Furthermore, taking the orientation into account, we can distinguish the kind of edge. The maximum moment PCM and the minimum moment PCm can be obtained as follows [29,30]:

$$PCM=\frac{1}{2}\left(c+a+\sqrt{b^2+{\left(a-c\right)}^2}\right)$$

(9)

$$PCm=\frac{1}{2}\left(c+a-\sqrt{b^2+{\left(a-c\right)}^2}\right)$$

(10)

in which the three intermediate quantities are calculated by:

$$\begin{array}{l}a={{\displaystyle \sum _o\left(P{C}_{{\theta }_o}\cos \left({\theta }_o\right)\right)}}^2\\ b=2{\displaystyle \sum _o\left(P{C}_{{\theta }_o}\cos \left({\theta }_o\right)\right)\cdot \left(P{C}_{{\theta }_o}\sin \left({\theta }_o\right)\right)}\\ c={{\displaystyle \sum _o\left(P{C}_{{\theta }_o}\sin \left({\theta }_o\right)\right)}}^2\end{array}$$

(11)

where $P{C}_{{\theta }_o}$ denotes the PC at the orientation of ${\theta }_o$. PCM and PCm represent the edge and corner maps of the original SAR image, respectively. In this paper, we select PCM as the output of the PC method. To make the contours more visible, the PCM is optimized as follows:

$$PCM\left(x,y\right)=\max \left(PCM\left(x+x^{\prime },y+y^{\prime }\right)\right),x^{\prime }\in \left[-1,1\right],y^{\prime }\in \left[-1,1\right]$$

(12)

Finally, the PCM is made as the weights of each high-frequency sub-band image, then, the fused high-frequency sub-band images can be obtained as follows:

$$H{F}_{j,l}\left(x,y\right)=\frac{{\displaystyle {\sum }_k^{m}PC{M}_k\left(x,y\right)H_{j,l,k}\left(x,y\right)}}{{\displaystyle {\sum }_k^{m}PC{M}_k\left(x,y\right)}}$$

(13)

where m denotes the number of the original images, and H is the high-frequency sub-band image decomposed from NSST. j and l represent the scale and direction in the NSST, respectively.

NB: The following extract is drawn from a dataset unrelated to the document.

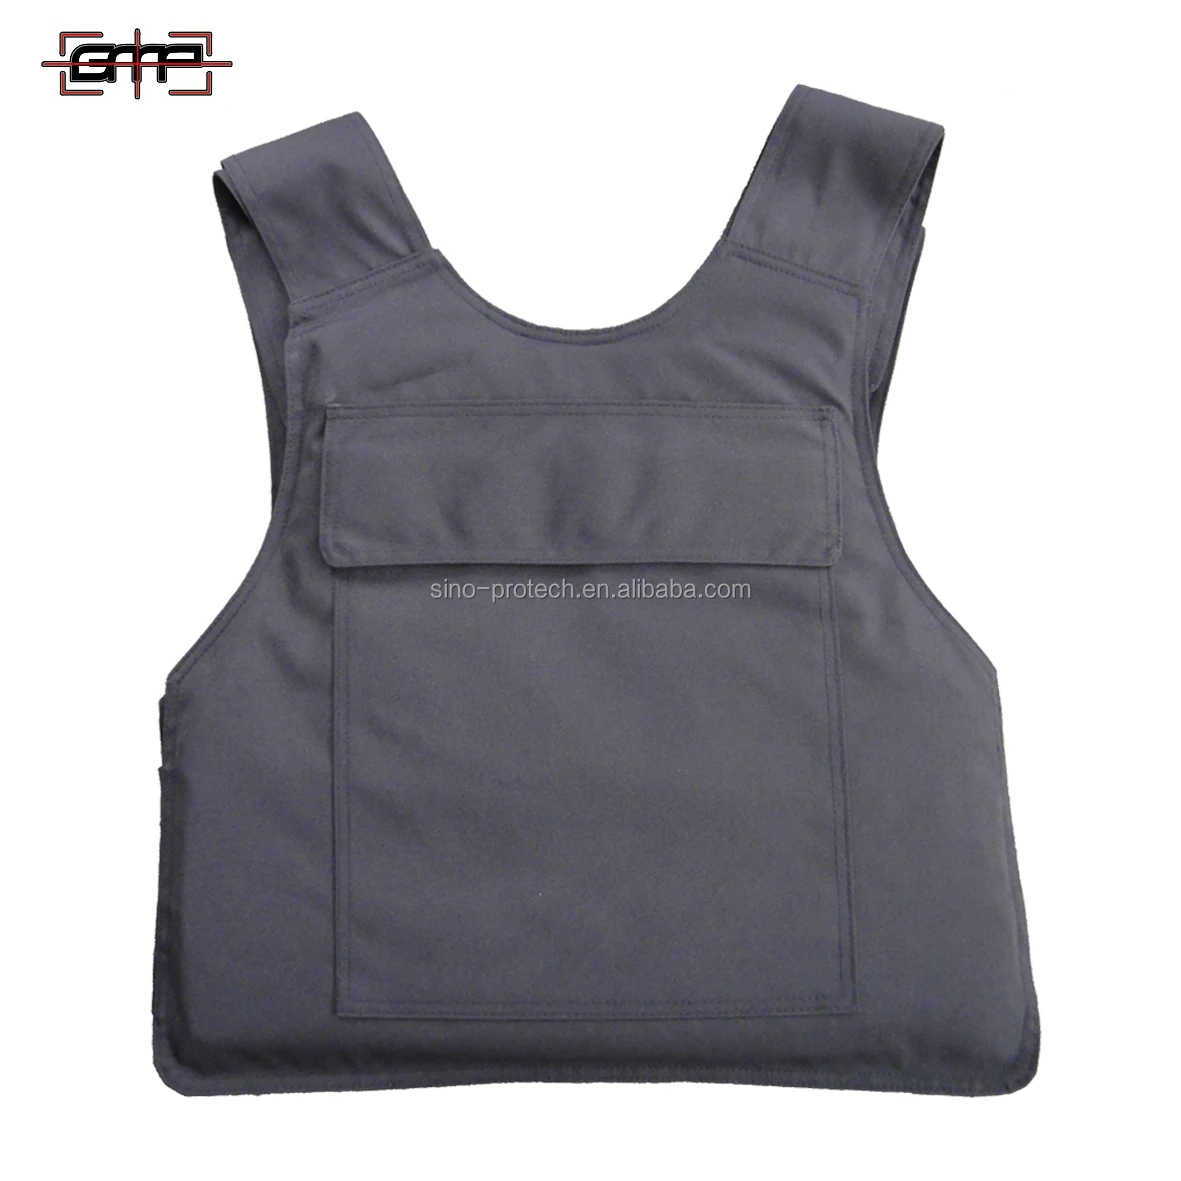 

Zhongli Bulletproof cover military camo body armor ballistic vest, Black/customized

So far, we have obtained the fused low-frequency sub-band image and the fused high-frequency sub-band images. Then, the NSST inversion is applied to the sub-band images to realize the fusion of the multi-band and polarization SAR images. Subsequently, we extract the band and polarization difference information from the original multi-band and polarization SAR images to colorize the fused SAR image.

2.3. Coloring Rules

2.3.1. Band Difference Extraction

Since the penetration of the detection microwaves vary from different frequencies, the masked object will show different intensity in the multi-band SAR images. We can locate these objects by extracting the band difference map between the images. The extraction of band difference is conducted as follows:

$$D_{B1-2}\left(x,y\right)=\left|\max \left(I_{B1,P1}\left(x,y\right)\right)-\max \left(I_{B2,P2}\left(x,y\right)\right)\right|,\hspace{0.17em}\hspace{0.17em}\hspace{0.17em}\hspace{0.17em}\hspace{0.17em}P1,P2\in \left[HH,HV,VV\right]$$

(14)

in which the $I_{B1,P1}$ and $I_{B2,P2}$ represent the different band SAR images at P1 and P2 polarization, respectively. If there are more than two bands, the band differences between each band should be calculated. Then the maximum $D_B$ of pixels between each band is retained to obtain the final band difference map, as follows:

$$D_B\left(x,y\right)=\max \left(D_{B1-2}\left(x,y\right),D_{B2-3}\left(x,y\right),D_{B1-3}\left(x,y\right)\dots \right)$$

(15)

However, large amounts of noise in the SAR image is retained in the $D_B$, which will reduce the quality of the band difference map. To reduce the impact of noise, we calculate the mean of $D_B$ in the band difference map. The values less than mean of $D_B$ in the band difference map is set to zero, then the map is convolved with $3\times 3$ mean filter.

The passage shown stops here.